Two members toyed with the idea of eliminating the REMS (voters had thee choices: continue the REMS without modification, eliminate the REMS, or modify the REMS). One was Mary Ellen McCann, MD, associate professor of anesthesia, Harvard Medical School, and senior associate in anesthesia, Boston Children’s Hospital
“There has been very little evidence shown in the last 2 days that the present REMS has altered behavior by much at all,” said Dr McCann. “It’s basically a manual on how to prescribe opioids when it should be a manual or blueprint on how to treat pain.”
The training process, said Dr McCann, needs to be “streamlined” and there should be “shortcuts” for people already educated in pain management, such as pain specialists, to make it “as least burdensome as possible.”
Elaine Morrato, DrPH, associate professor, Department of Health Systems Management and Policy, dean for public health practice, Colorado School of Public Health, University of Colorado, Aurora, cautioned about introducing “unwanted burden or unintended consequences” in terms of limiting access to needy patients, but stressed that misuse of prescription opioids “remains a public health crisis” that should be treated “like a medical emergency.”

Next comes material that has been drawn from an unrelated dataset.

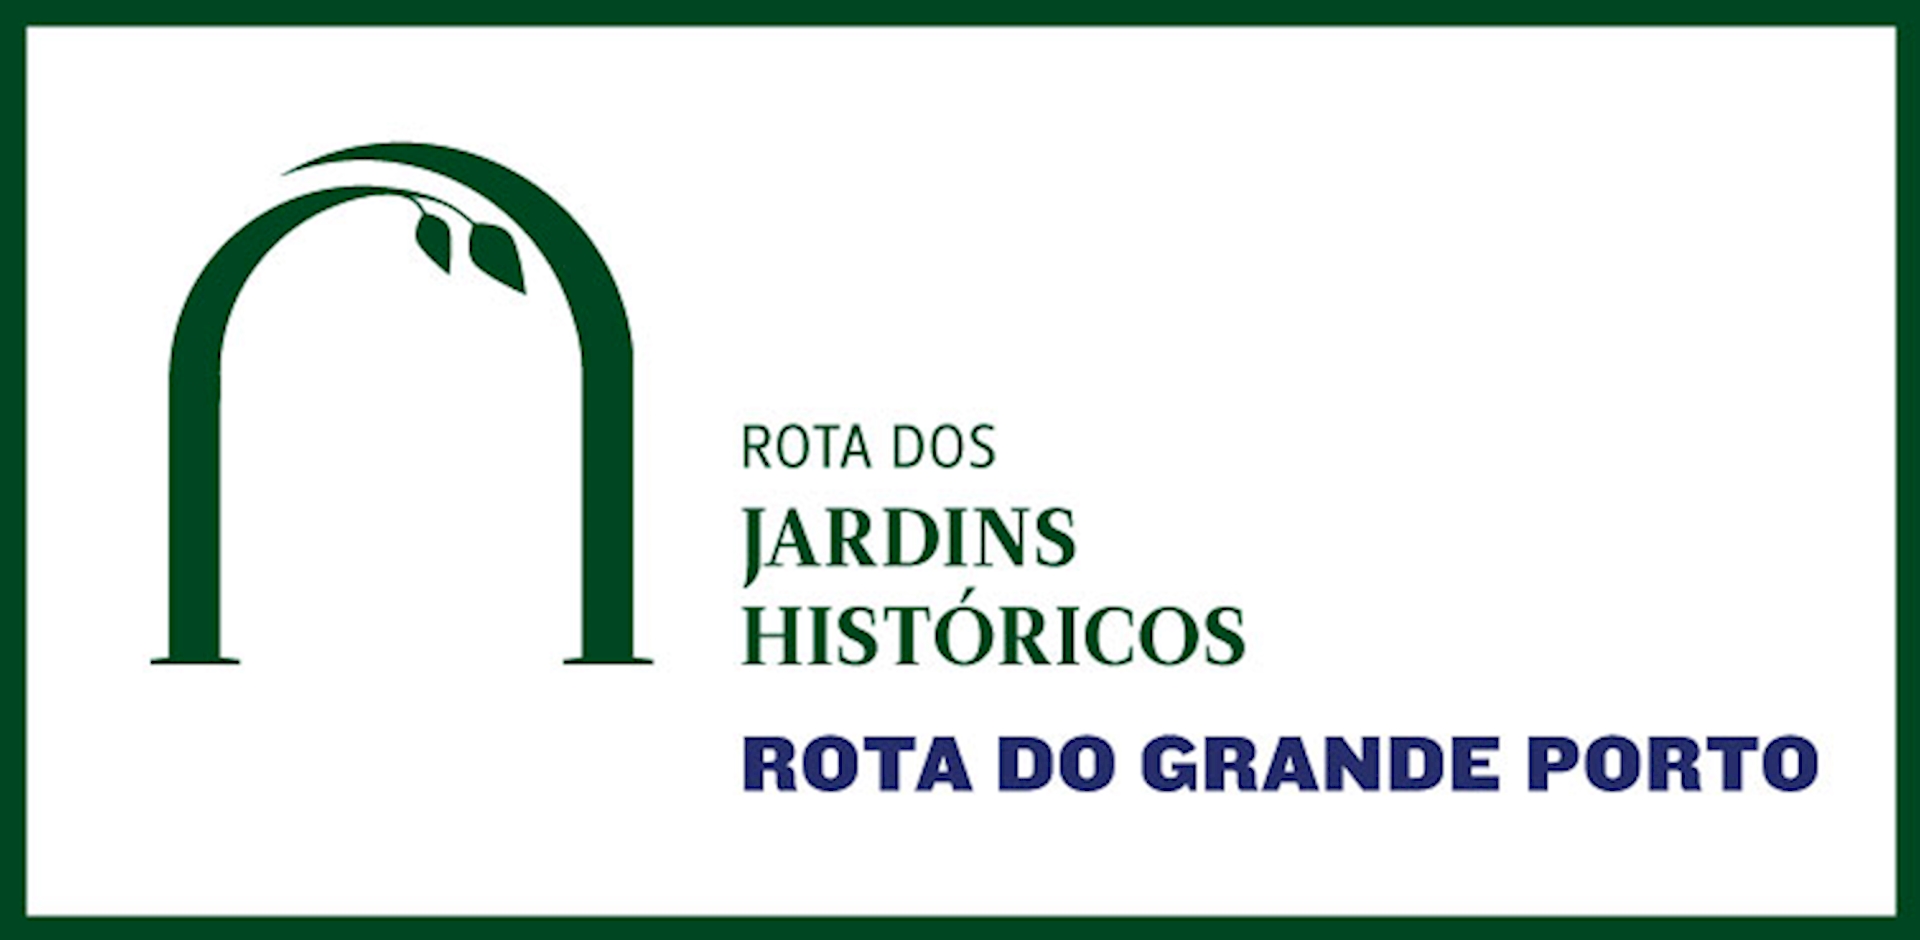 05 Greater Porto Route

Dr Morrato also recommended that training not only be mandatory but routinely renewed “so it becomes institutionalized.”
David Craig, PharmD, clinical pharmacy specialist, Department of Pharmacy, H. Lee Moffitt Cancer Center & Research Institute, Tampa, Florida, said “stratification for suicidality and mental health makes sense” to be included in the training.

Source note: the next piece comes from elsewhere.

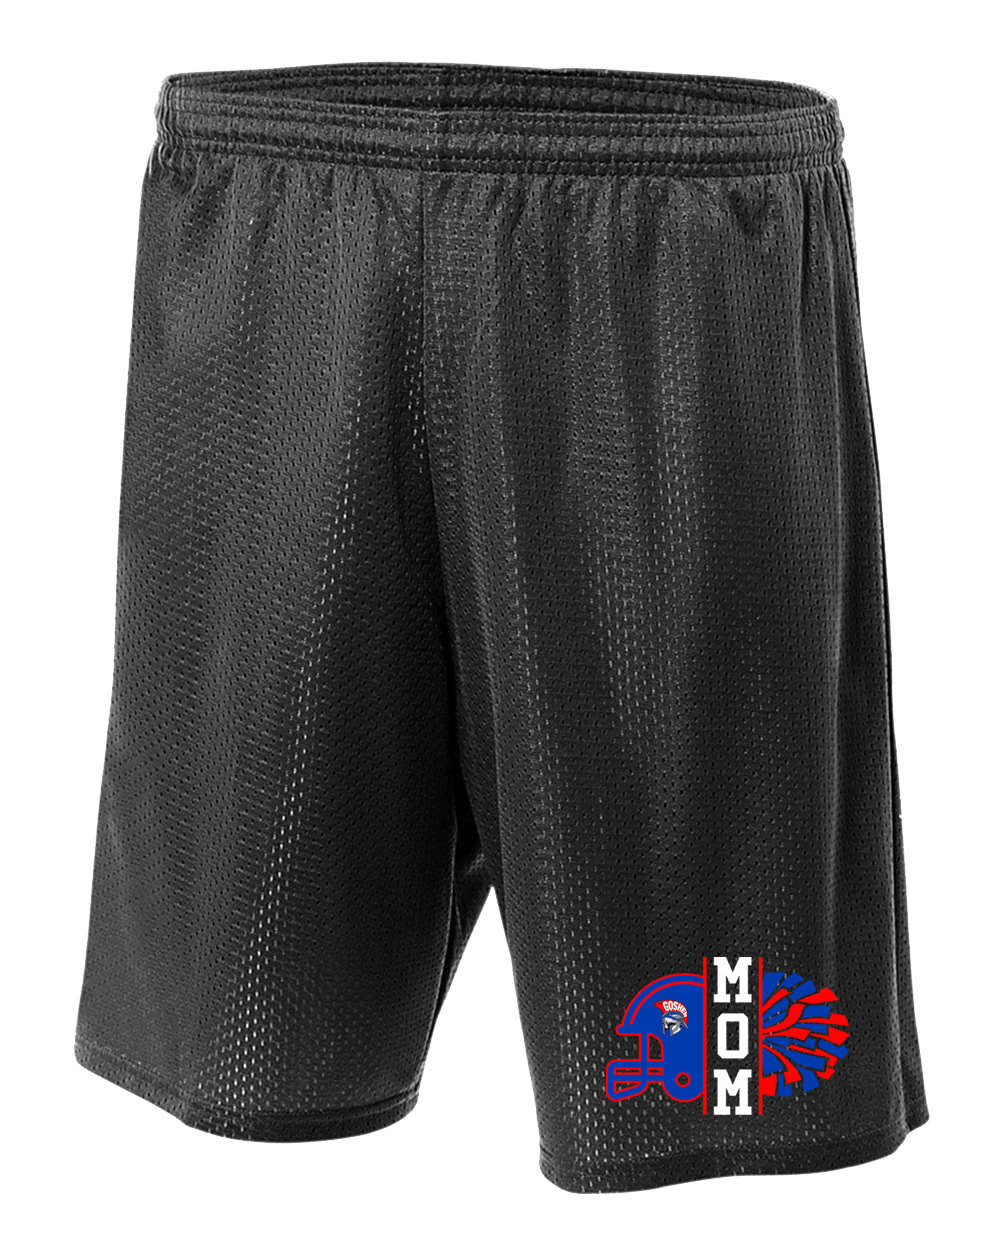 Goshen Cheer Design 7 Shorts

Charles W. Emala Sr, MD, professor and vice-chair for research, Department of Anesthesiology, Columbia University College of Physicians & Surgeons, New York, New York, said it’s “critical” to develop a better objective measure of the effectiveness of the REMS program. Along with others, Dr Emala said he wanted the training extended to “the whole healthcare team.”
Committee chairperson, Almut Winterstein, PhD, professor and interim chair, pharmaceutical outcomes and policy, College of Pharmacy, University of Florida, Jacksonville, suggested the training involve pharmacists as well as prescribers as these experts “can play a role in patient education.”

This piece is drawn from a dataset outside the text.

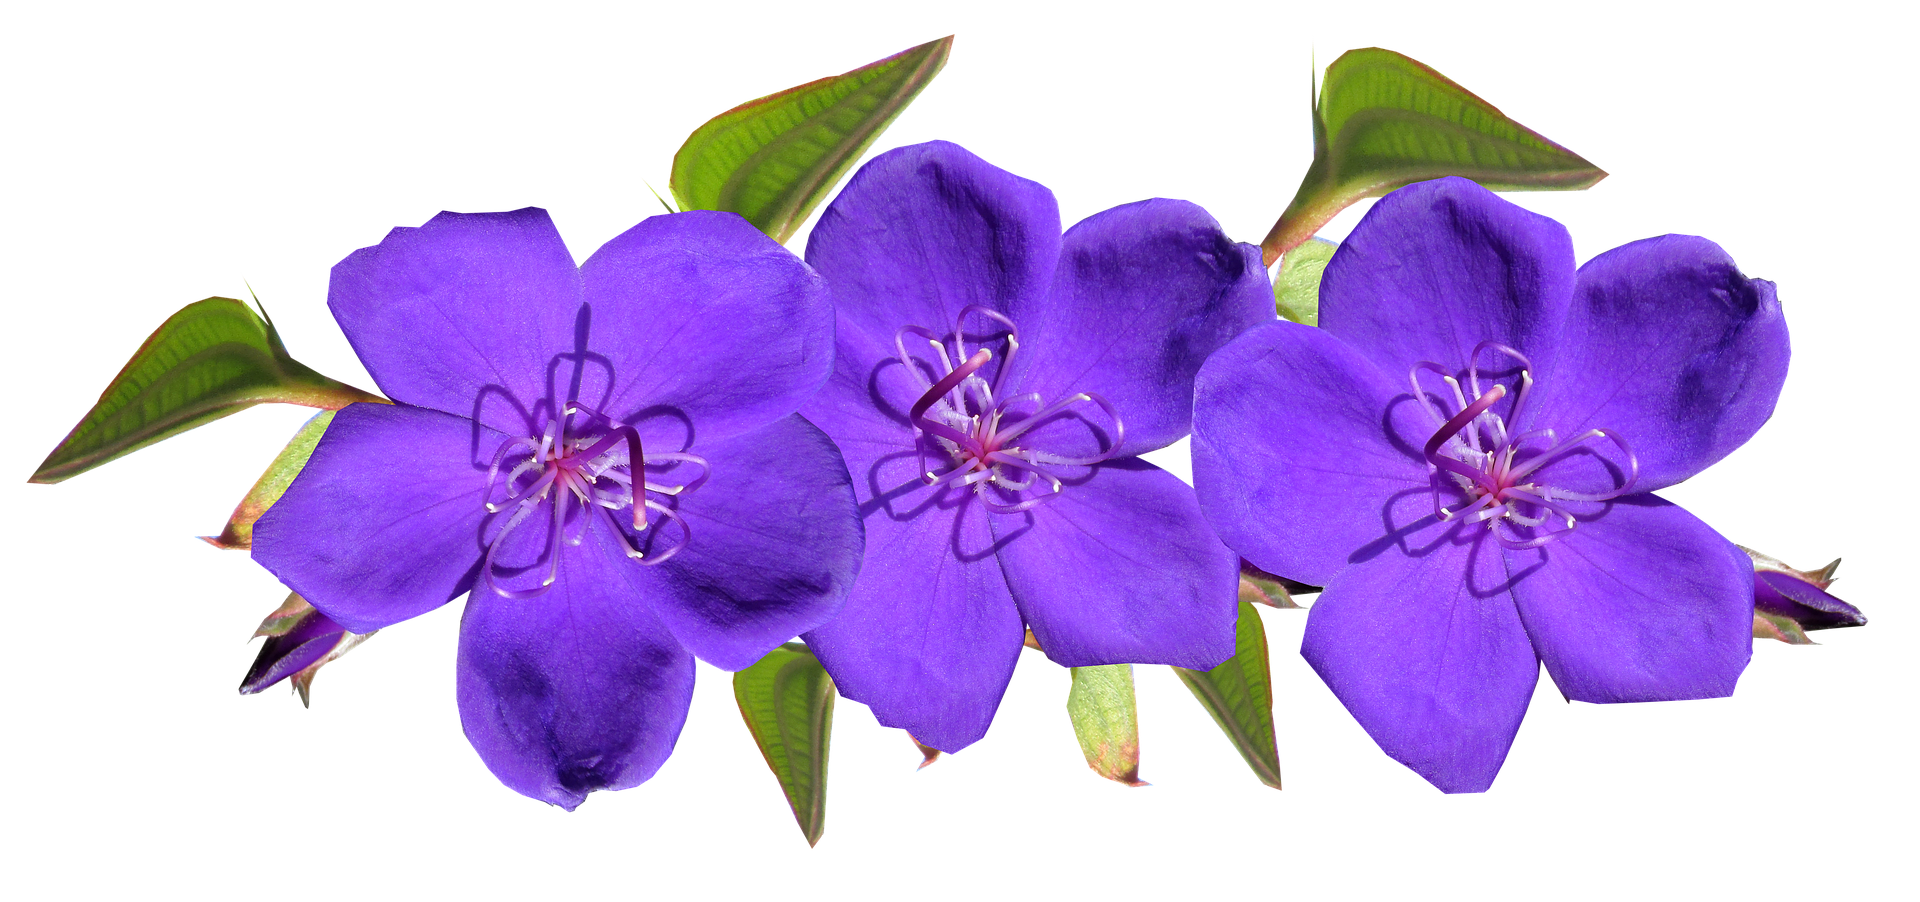 春 に 咲く 紫色 の 花詳細 3位

For Raeford E. Brown Jr, MD, professor of anesthesiology and pediatrics, College of Medicine, University of Kentucky, Lexington, a “very important” element of the Blueprint for REMS should be “assessment of success vs failure of the program” that would include things like the number of people who complete the REMS and whether it “changes the way they manage patients.”
Niteesh Choudhry, MD, PhD, associate professor, Harvard Medical School, and associate physician, Brigham and Women’s Hospital, Boston, stressed that “we clearly need a better evaluation strategy to figure out whether this is worth the money.”
Jeffrey Galinkin, MD, professor of anesthesiology and pediatrics, University of Colorado, and director of pain research, CPC Clinical Research, University of Colorado, favored expanding the educational process to include those who manage pediatric patients.
For Anita Gupta, DO, PharmD, vice-chair, pain medicine, and associate professor, Department of Pain Medicine and Regional Anesthesiology, Drexel University College of Medicine, Hahnemann University Hospital, Philadelphia, Pennsylvania, the delivery of information “should be engaging and digestible” and potentially use “innovative technological solutions” to ensure “a firm, definitive broad public health impact.”
Finally, many members called for a unified message. “It should also be collaborative with all federal agencies and stakeholders to ensure a clear and concise message,” said Dr Gupta.